The most recent open convention contest, in which the outcome remained in doubt until just days before convention, was the Republican primary of 1968. Richard Nixon faced several competitors including Nelson Rockefeller. Favorite son candidates were more popular back then, providing state delegations bargaining power with presidential campaigns. You might recall that Gary Hart went to the 1984 Democratic convention as Colorado’s favorite son.
In 1968, Spiro Agnew, the Republican governor of Maryland controlled his delegation. Agnew was an accidental governor in a heavily Democratic state, only elected following a four-way Democratic primary in 1966 that resulted in the victory of Democrat George Mahoney, an ally of George Wallace, who ran on the slogan, “A man’s home is his castle.” Agnew, the elected executive of Baltimore County, had been expected to serve as a sacrificial lamb in the governor’s race. But, Democrats swarmed to his candidacy by the tens of thousands once Mahoney seized the Democratic nomination. Believed to be a Rockefeller supporter Agnew controlled a delegation large enough to guarantee Richard Nixon his first ballot majority.
During the 1960s and 1970s Maryland had a well-deserved reputation for corruption, nearly as robust as Illinois today. Several governors and legislators, most notably three-term Democratic governor Marvin Mandel, were convicted of taking bribes. I was president of the student government at the University of Maryland in 1967 and met Gov. Agnew several times, including at the running of the Preakness. I couldn’t help noting his sartorial tastes were tailor-made and inordinately expensive — more so than I would expect of a former civil servant.

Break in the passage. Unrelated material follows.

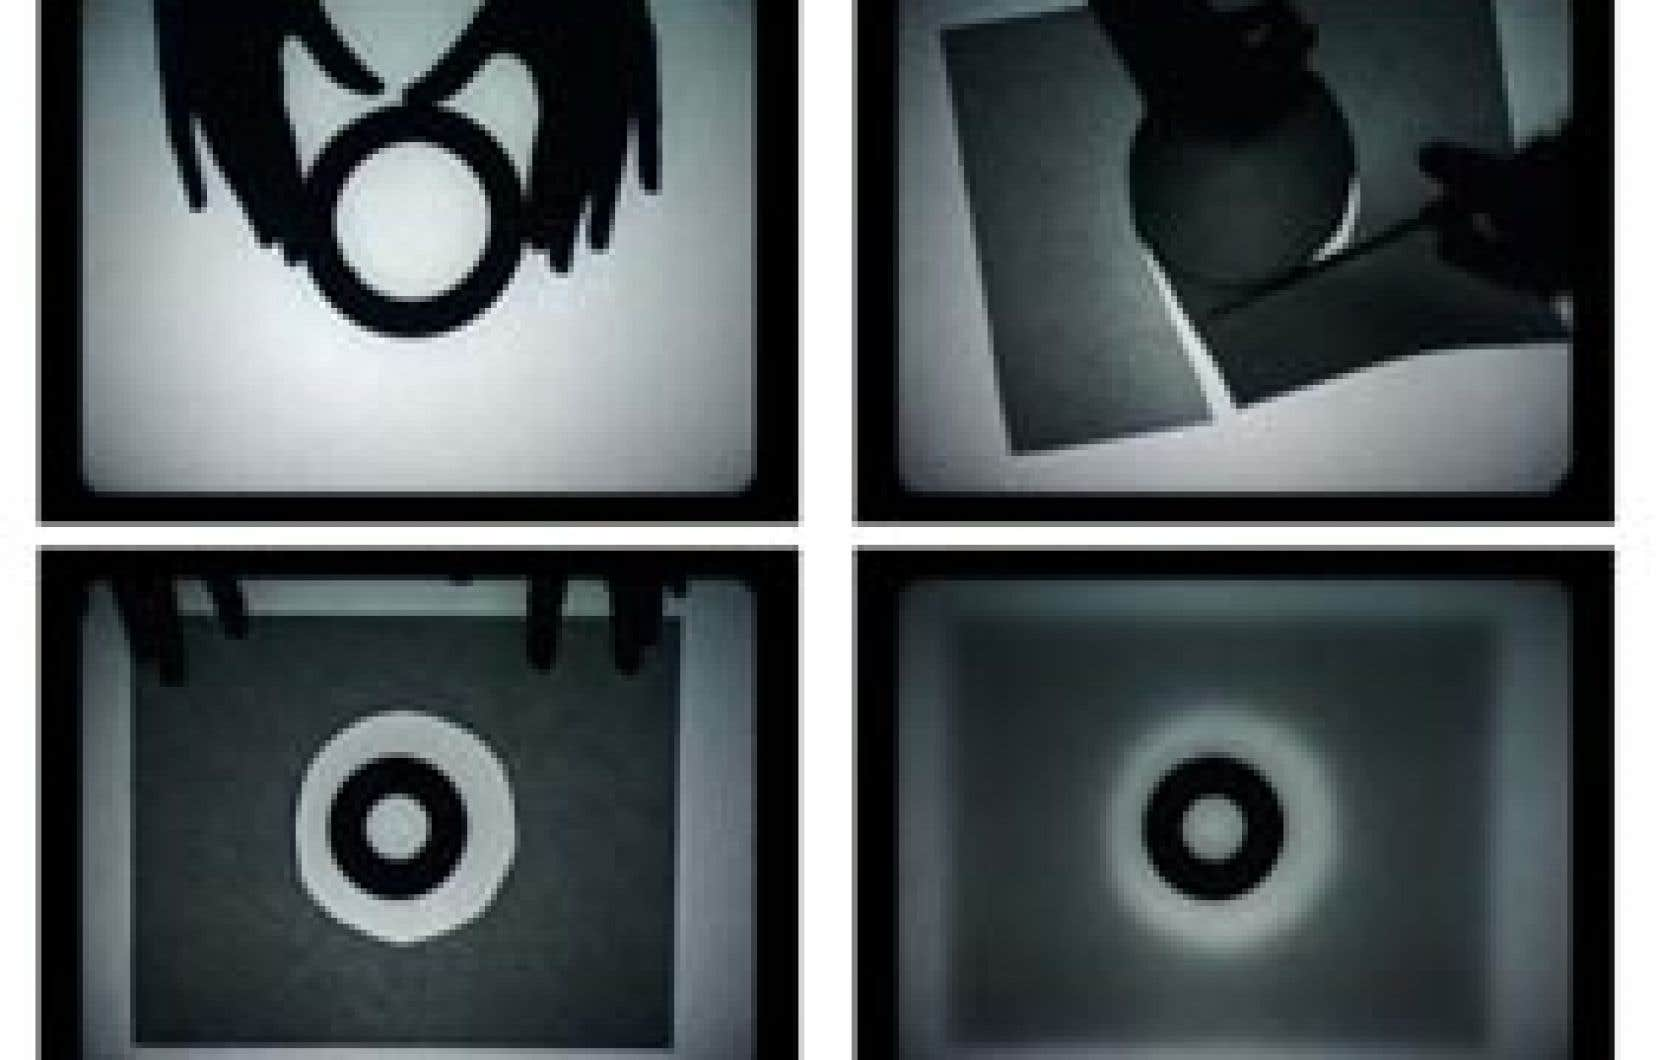 Répertoire (détail), installation vidéographique de Manon de Pauw

But back to the point … with its questionable ethics in tow, the Nixon campaign was desperate to secure a majority of delegates for the nomination and offered Agnew any job he wanted in exchange for double-crossing Rockefeller. Former Maryland Senator Joe Tydings, now deceased, told me that Agnew, who was unlikely to be re-elected in 1970 facing Mandel, shocked Nixon’s aides by demanding the vice-presidency, a position he was given and from which he continued to collect cash stuffed envelopes. To use a comparative example from more recent political history, Agnew’s selection as veep was perhaps almost as surprising as John McCain’s choosing Sarah Palin to be his running mate in 2008.
Agnew’s ride was short-lived. In 1973, he was unceremoniously dumped with a plea deal for tax evasion in anticipation of a Nixon impeachment. Gerald Ford proved the beneficiary. You see, almost anything can be traced to a brokered convention.
Fast forward back to Trump, it’s still hard to guess whether he can secure a majority. The math is theoretically possible, but the odds are a long shot. Should Trump fail — self-proclaimed super-negotiator that he is — don’t count on Ted Cruz as the inevitable winner. Anything is possible once Republican delegates take the wheel and start steering the nomination process. So long as totalitarian rulemaking is not shoved down delegates’ throats by parliamentary procedure — an approach Republican National Committee Chairman Reince Preibus has vowed not to take — the delegates will have a great deal of control. Lucky for us, it will all unfold above-board and on national television rather than in those old, smoke-filled rooms where there will be less chance for funny business, at least compared to 1960s standards.
Many activists have begun conceding that perhaps Colorado Republican Party Chairman Steve House and the executive committee got it right when they decided not to bind their delegates out of precinct caucuses. Others still remain disappointed the national convention isn’t happening in their backyards right here in Colorado. The RNC is rumored to have skipped Denver for this year’s convention because of Colorado voters’ decision to legalize marijuana. Skipping a state with a legalized feel-good drug to host what could be an unhinged event in GOP politics is a decision they may soon regret.